Nine out of 17 analysts and economists surveyed by Yonhap Infomax, the financial news arm of Yonhap News Agency, forecast the Bank of Korea will slash the base rate to 1.5 percent at its policy meeting on Thursday.
  

If the BOK implements the rate cut as forecast, it will mark the second rate cut this year following a surprise rate cut in March.

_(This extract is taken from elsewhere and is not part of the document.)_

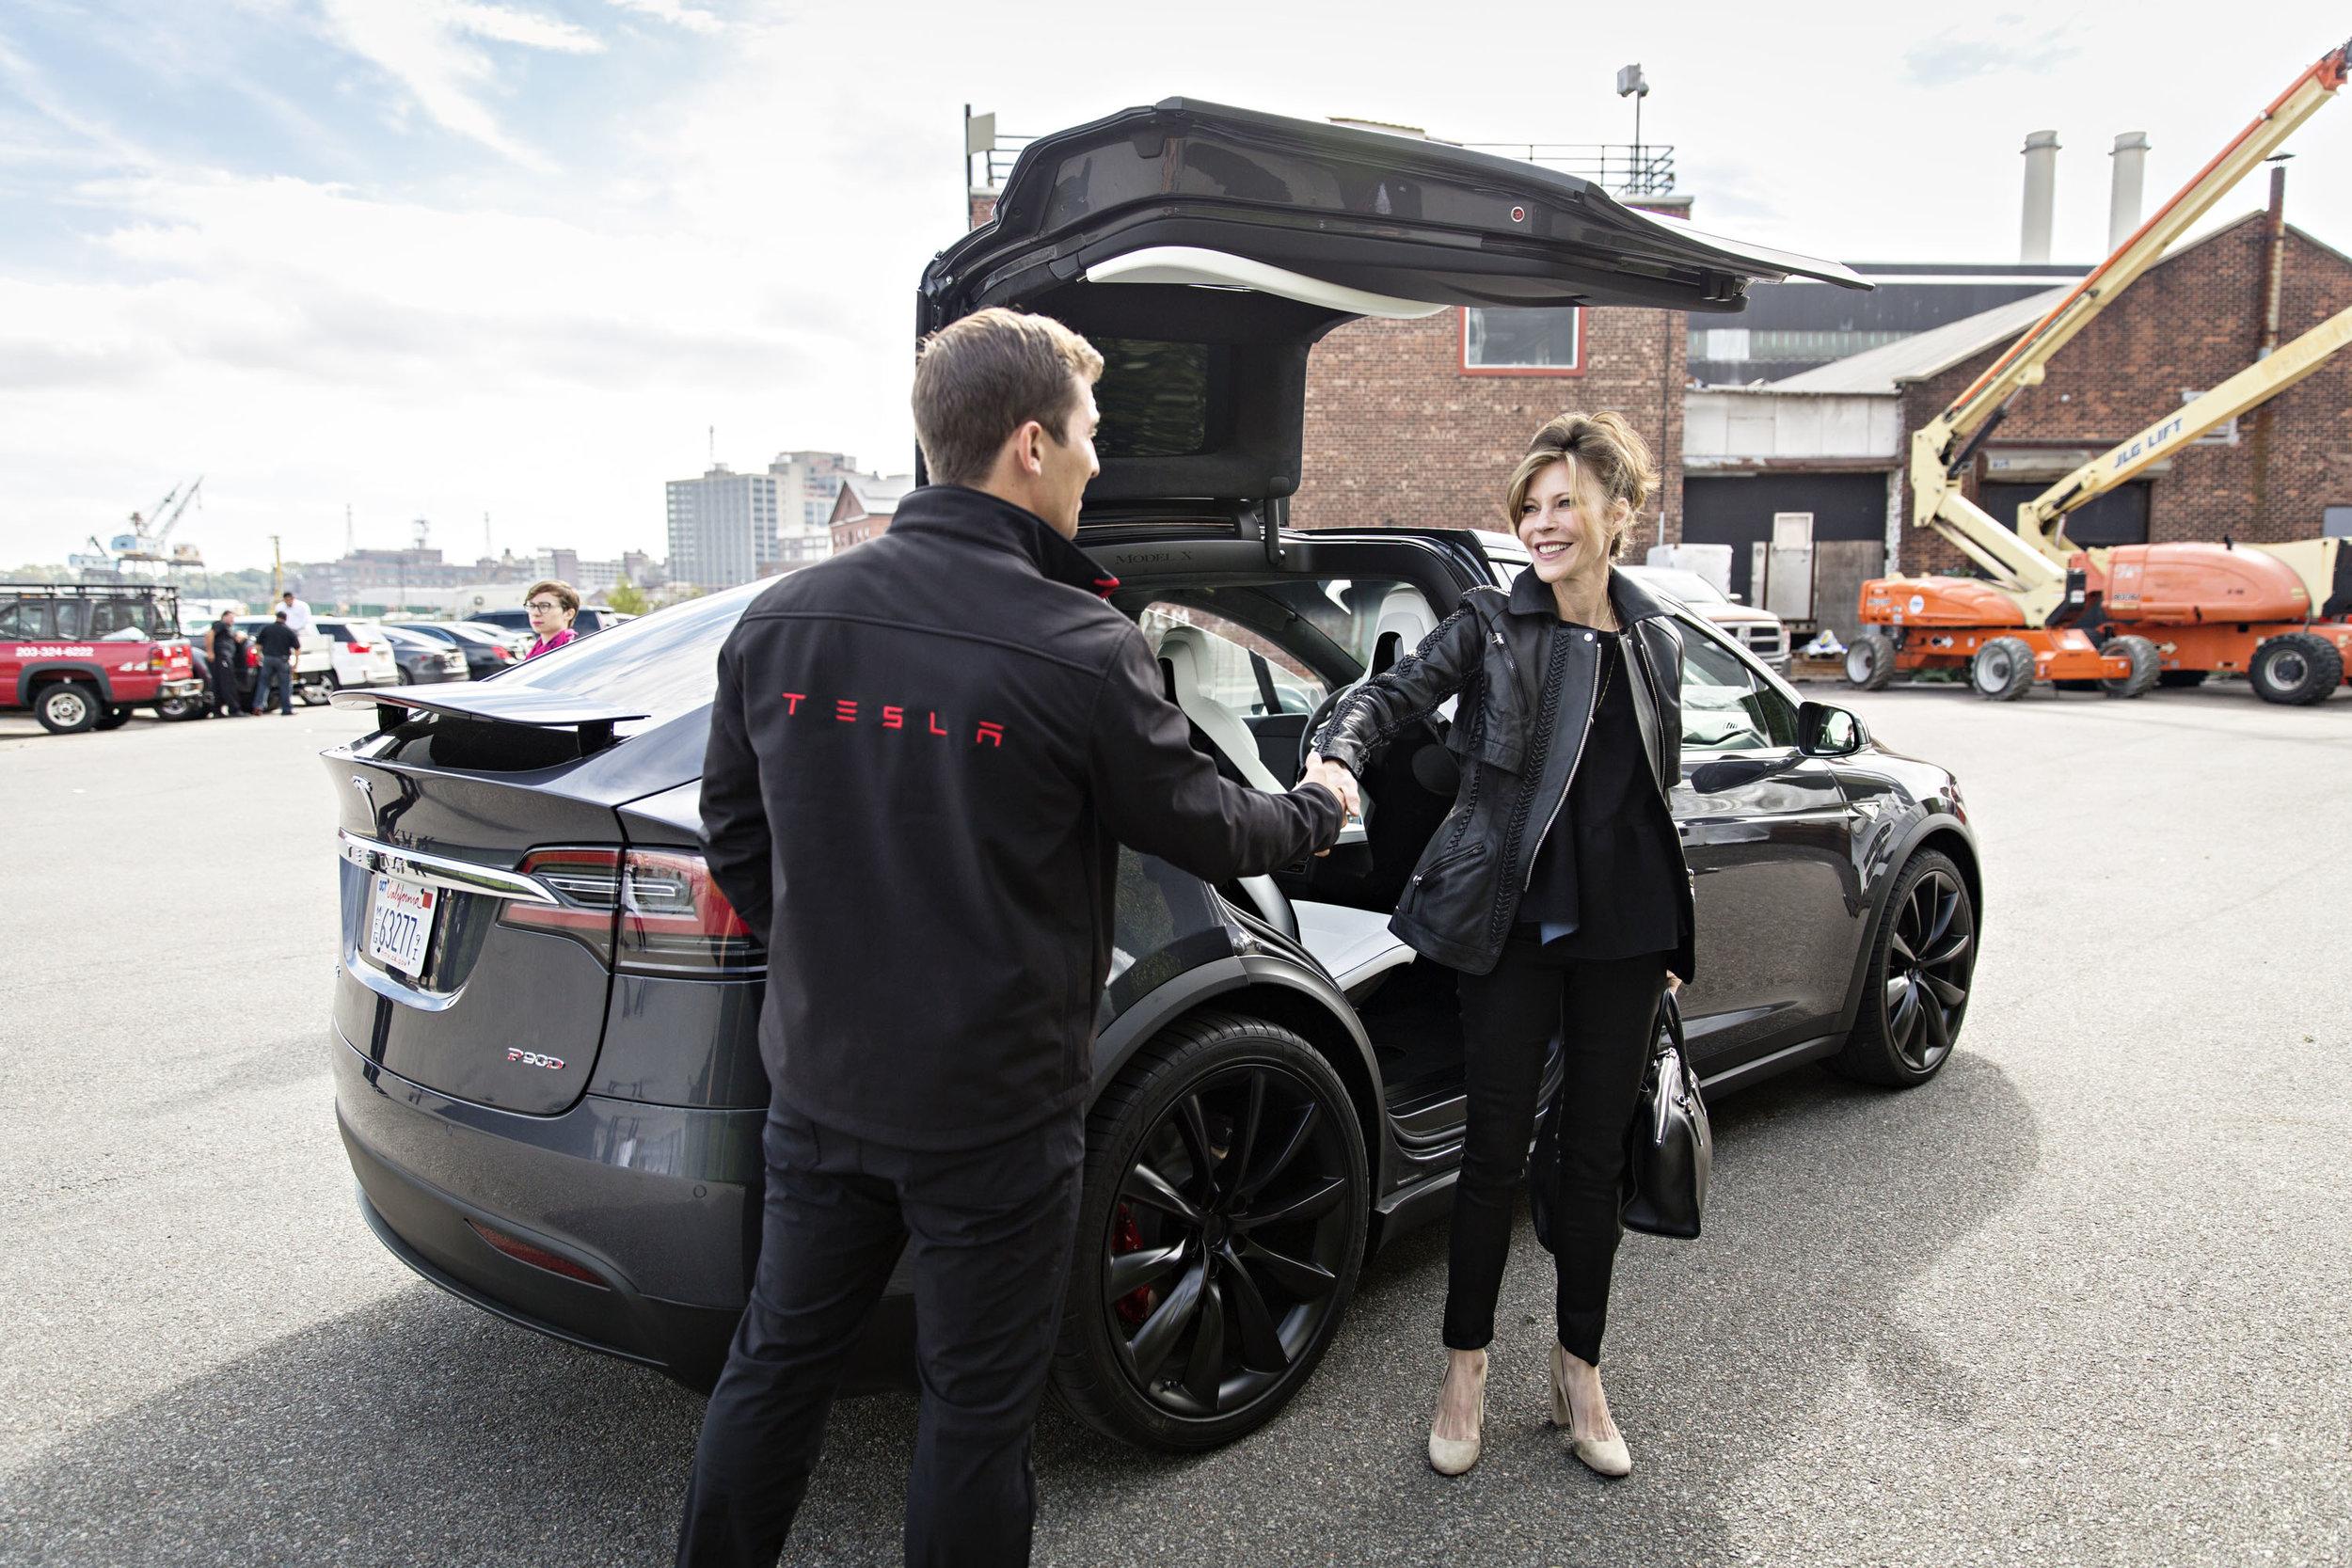 Robbie Meyers testing the Tesla car

It will also mark a cumulative rate cut of 1 percentage point since August last year.
  

The respondents who projected a rate cut said that while household debt concerns persist, the unprecedented spread of the respiratory disease may provide the BOK an opportunity to take action amid criticism that an additional rate hike will further stoke household debt.
  

South Korea has reported its sixth death from MERS on Monday, along with 23 new cases that brought the total number of people diagnosed with the disease here to 87.
  

"Consumption has been faring relatively well compared with sluggish exports and investments. But with the spread of MERS, consumption is likely to sour. MERS may provide an excuse for 'a pre-emptive rate cut,'" said Kim Sang-hoon, an analyst at KB Investment & Securities Co.
  

South Korea has seen its exports, the key engine of its growth, drastically sour over the past few months amid unfavorable currency conditions. Outbound shipments dropped 10.9 percent on-year in May, falling the most in nearly six years, according to trade ministry data released earlier this month.
  

Some analysts touched on the need to again join a global easing move to prevent sluggish exports from falling into a prolonged slump.
  

"The need to cut the rate is higher than ever as major economies are sustaining their easing mode. Also, even considering the BOK's 'data'-dependent' stance, economic indicators on consumption, investment and exports point to higher chances of a rate cut," said Kyobo Securities Co. analyst Kwon Han-wook.
  

Nearly half of the polled analysts, however, projected the BOK to extend its wait-and-see stance to another month to further gauge economic indicators as well as the impact of MERS.
  

"Since it is still uncertain how MERS will affect the economy, members may choose to wait another month to look for signs of deterioration before acting. Other immediate measures to contain the spread of disease are more pertinent at this time," said Barclays economist Leong Wai Ho.
  

Shin Dong-soo of Eugene Investment & Securities Co. echoed the view.
  

"While a feeble economic recovery and the MERS shock has heightened the case for a rate cut, the BOK is likely to take time to check additional economic indicators as it views the current growth path is within its forecast," he said, adding that the central bank may take action next month after reviewing further data.
  

The growing number of indebted households is another factor that may prompt the BOK to hold the base rate steady.
  

"Household debt is still an area of concern and possibilities of a recovery in consumer price and overall economy still remains intact," said Kiwoom Securities Co. analyst Ma Ju-ok, forecasting the BOK to hold the rate until the end of the year.
  

Household debt reached 1,040.4 trillion won ($927.5 billion) as of the end of March, rising 12.8 trillion won from the end of last year. A semi-annual survey of market watchers by the BOK showed that the household debt issue topped the list of key systemic risks. (Yonhap)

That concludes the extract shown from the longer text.